» **DATA SHOWN**

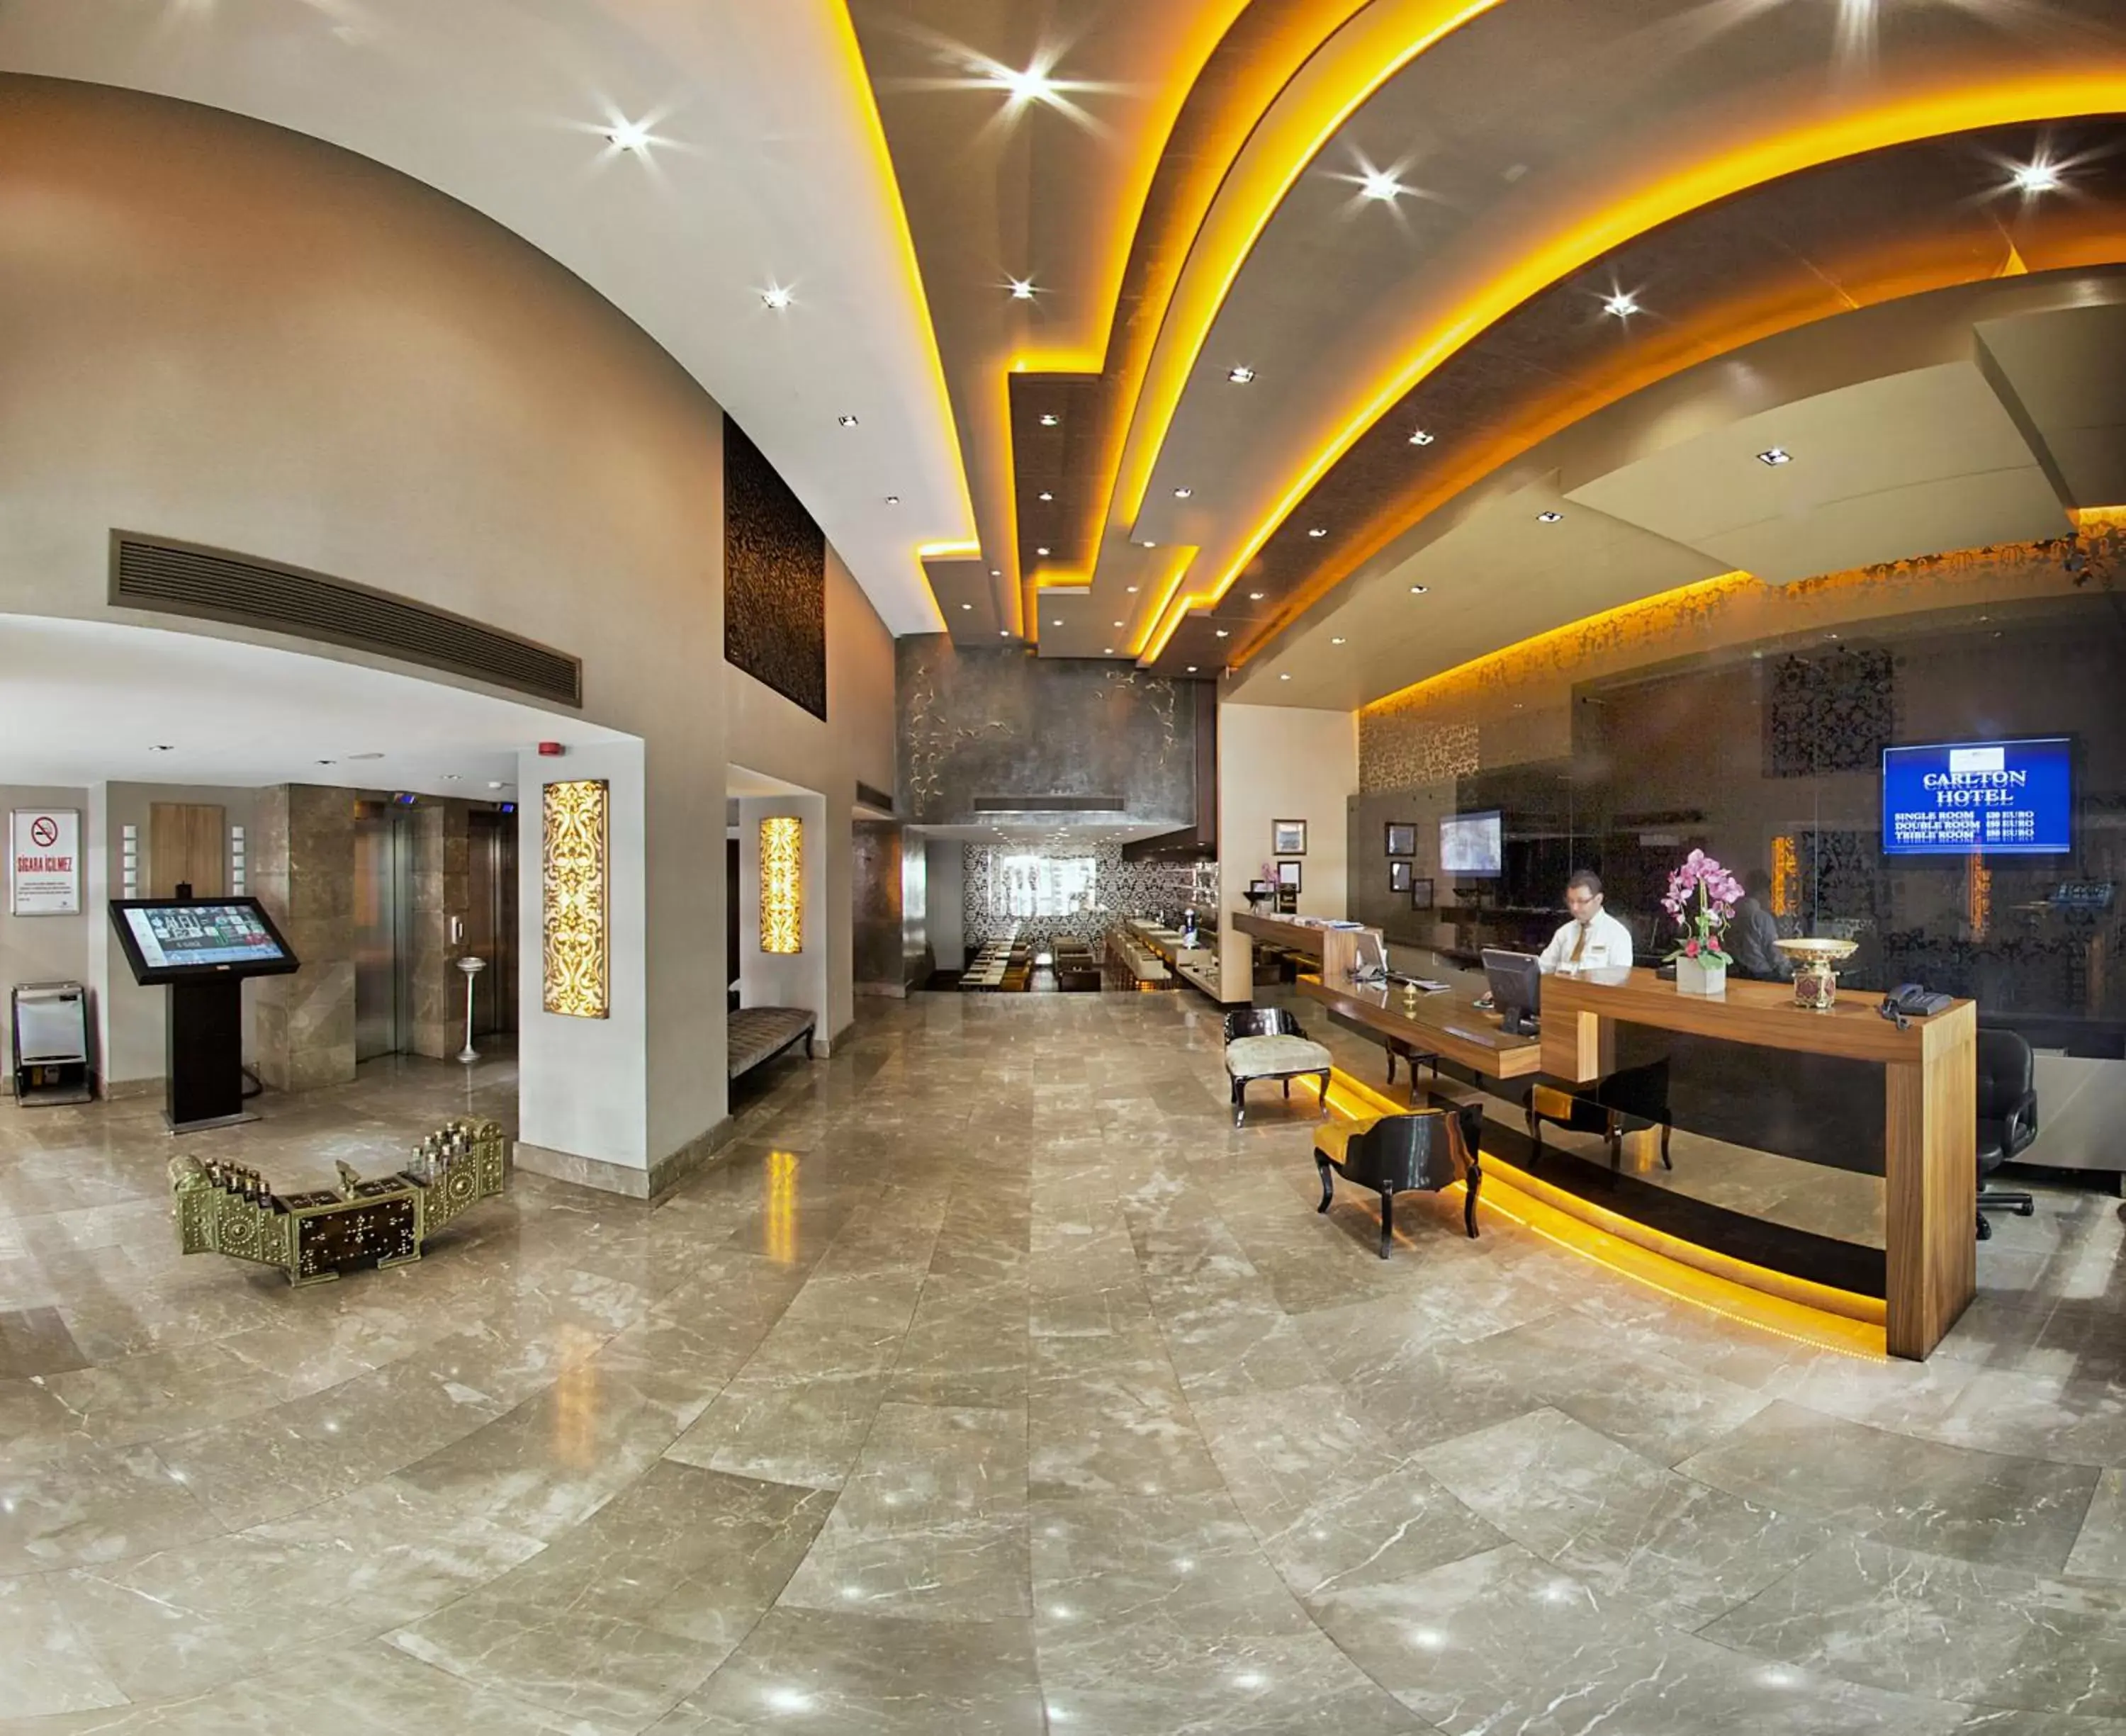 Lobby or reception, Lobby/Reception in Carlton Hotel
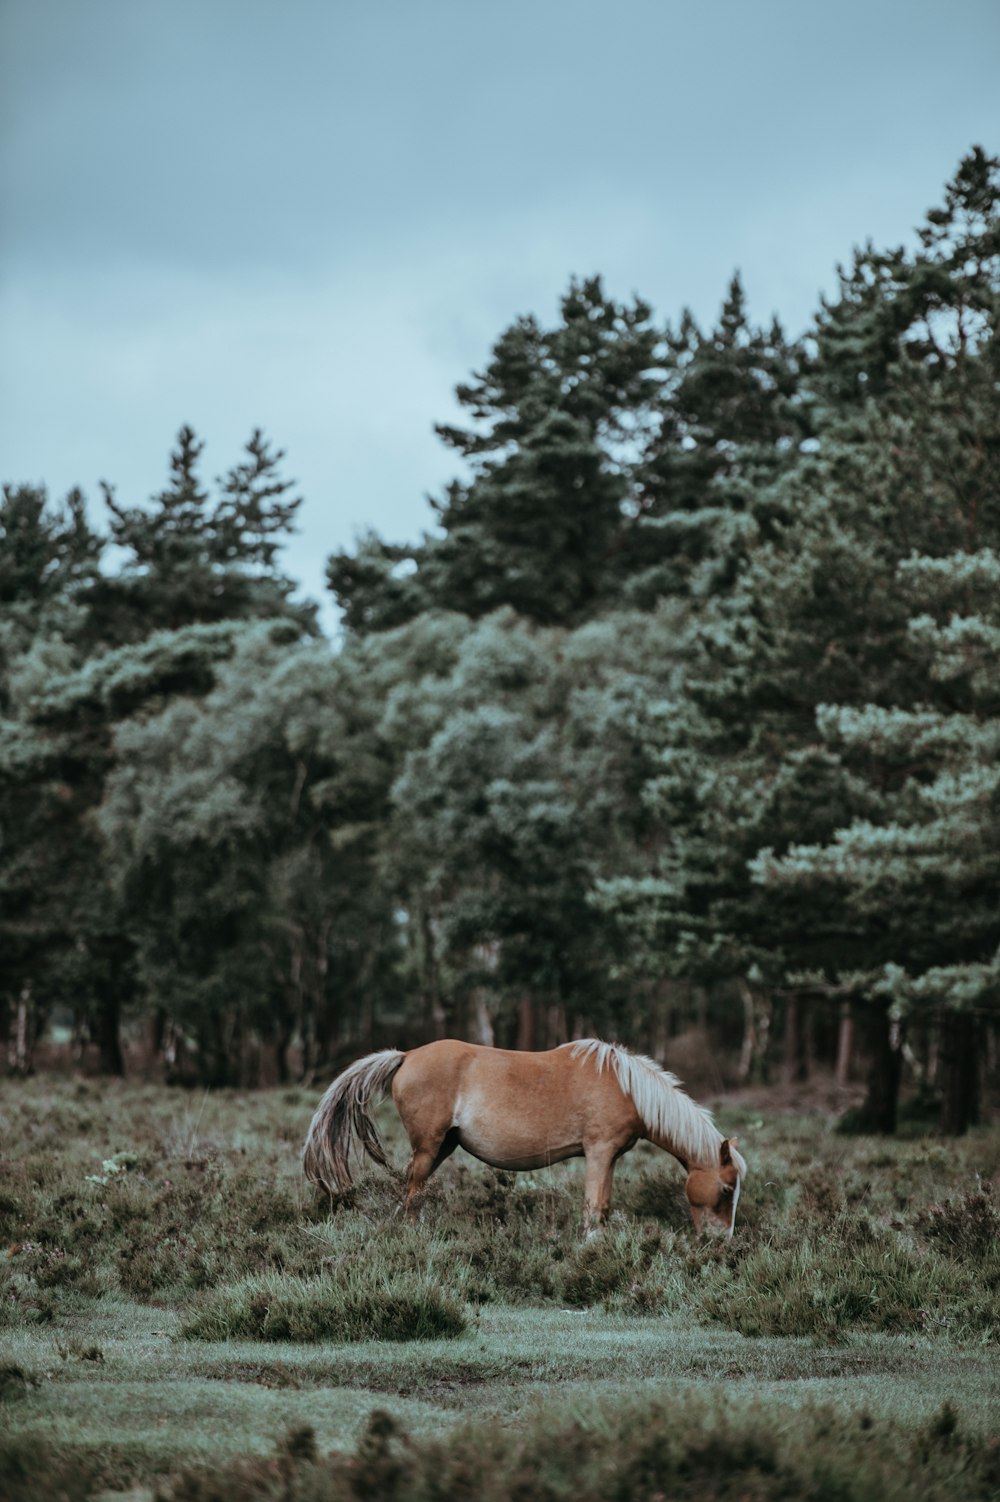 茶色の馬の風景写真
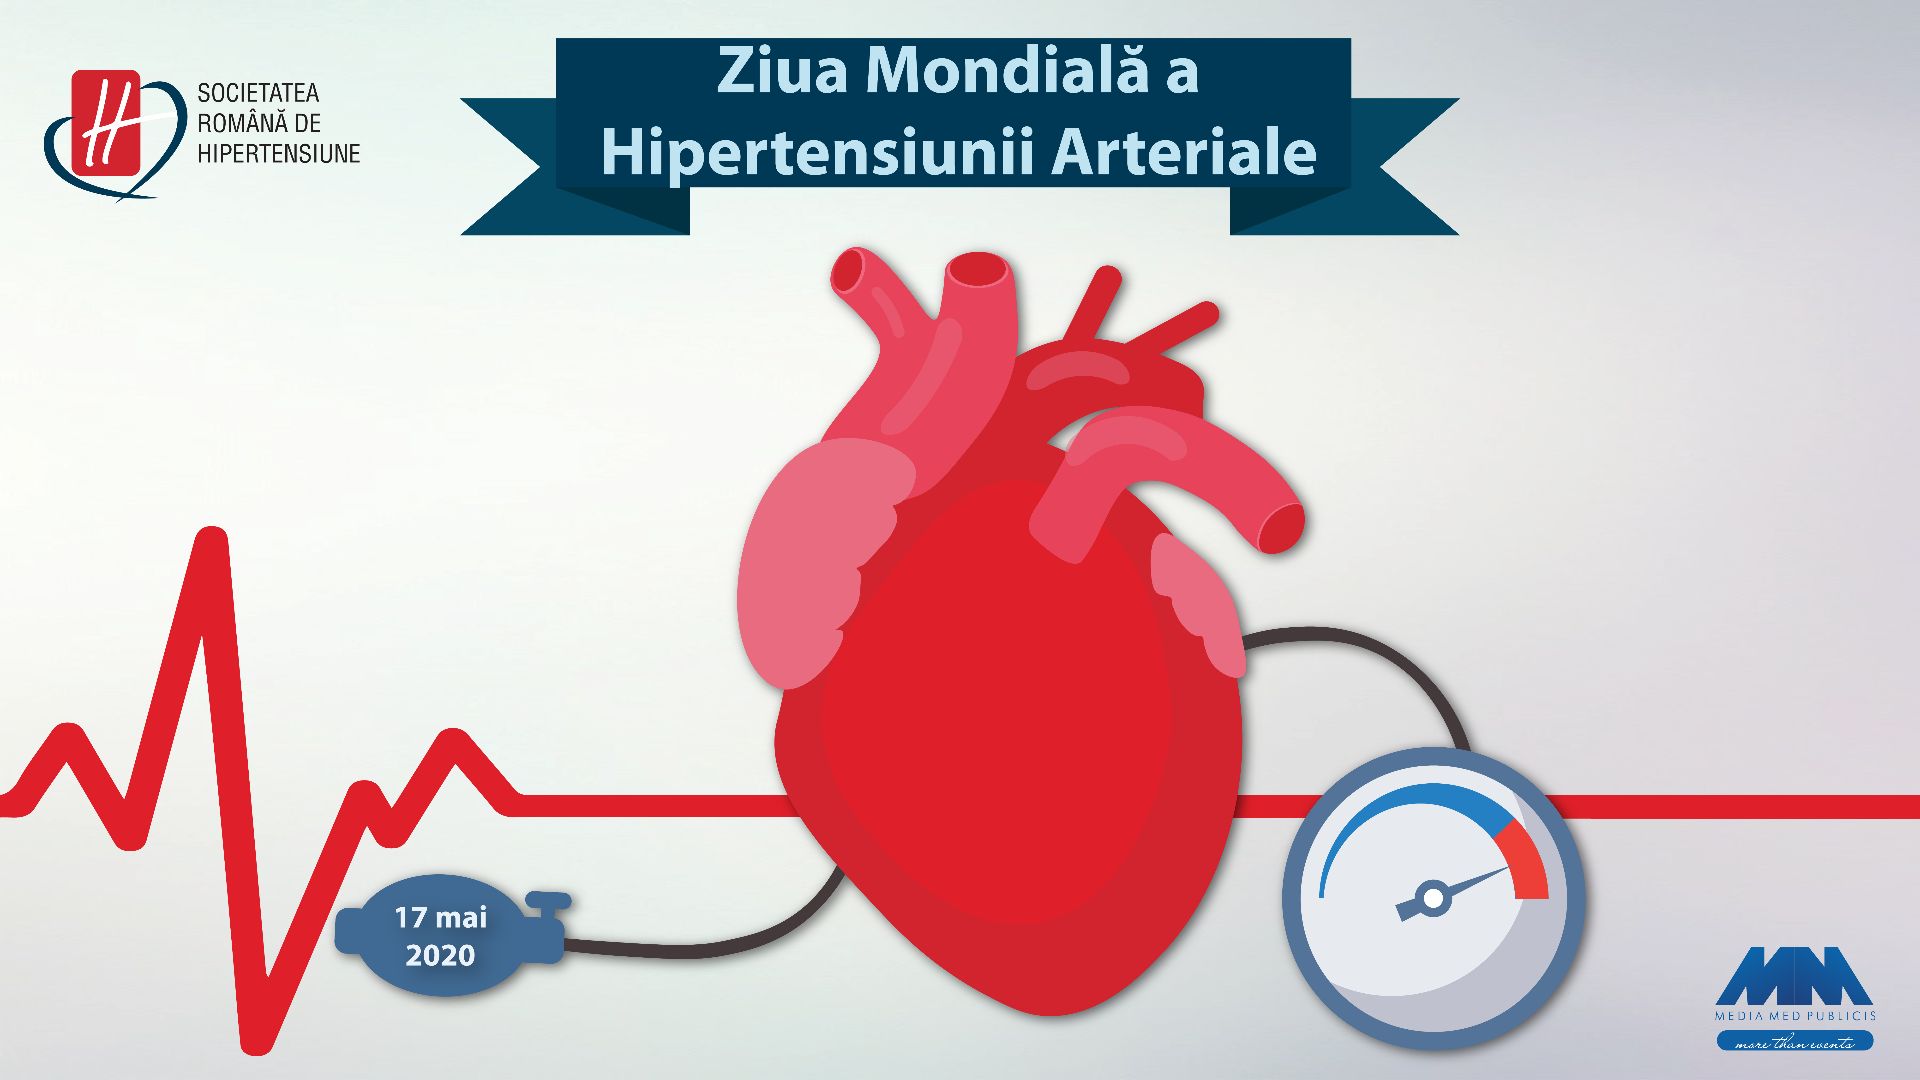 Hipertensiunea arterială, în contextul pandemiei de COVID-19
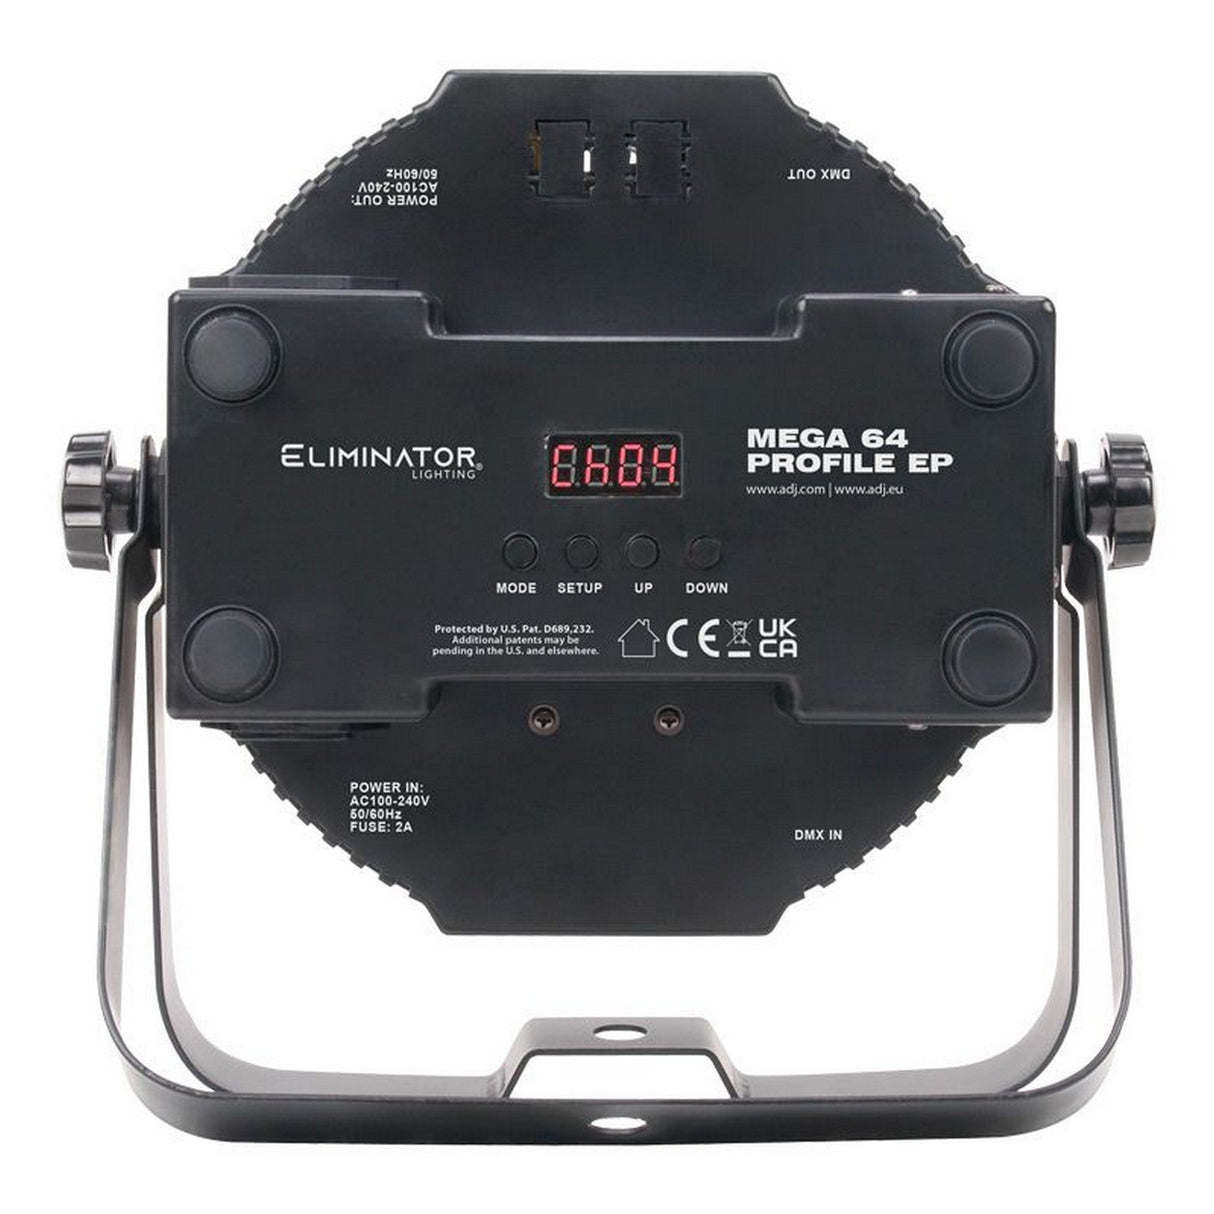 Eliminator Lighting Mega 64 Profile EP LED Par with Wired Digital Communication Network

» **ABOUT THIS TASK**
When a line carries an image, skip the image and repeat everything else above exactly as written.

» **THE COMPLETED TASK**
 Lobby or reception, Lobby/Reception in Carlton Hotel
 茶色の馬の風景写真
 Hipertensiunea arterială, în contextul pandemiei de COVID-19
 Eliminator Lighting Mega 64 Profile EP LED Par with Wired Digital Communication Network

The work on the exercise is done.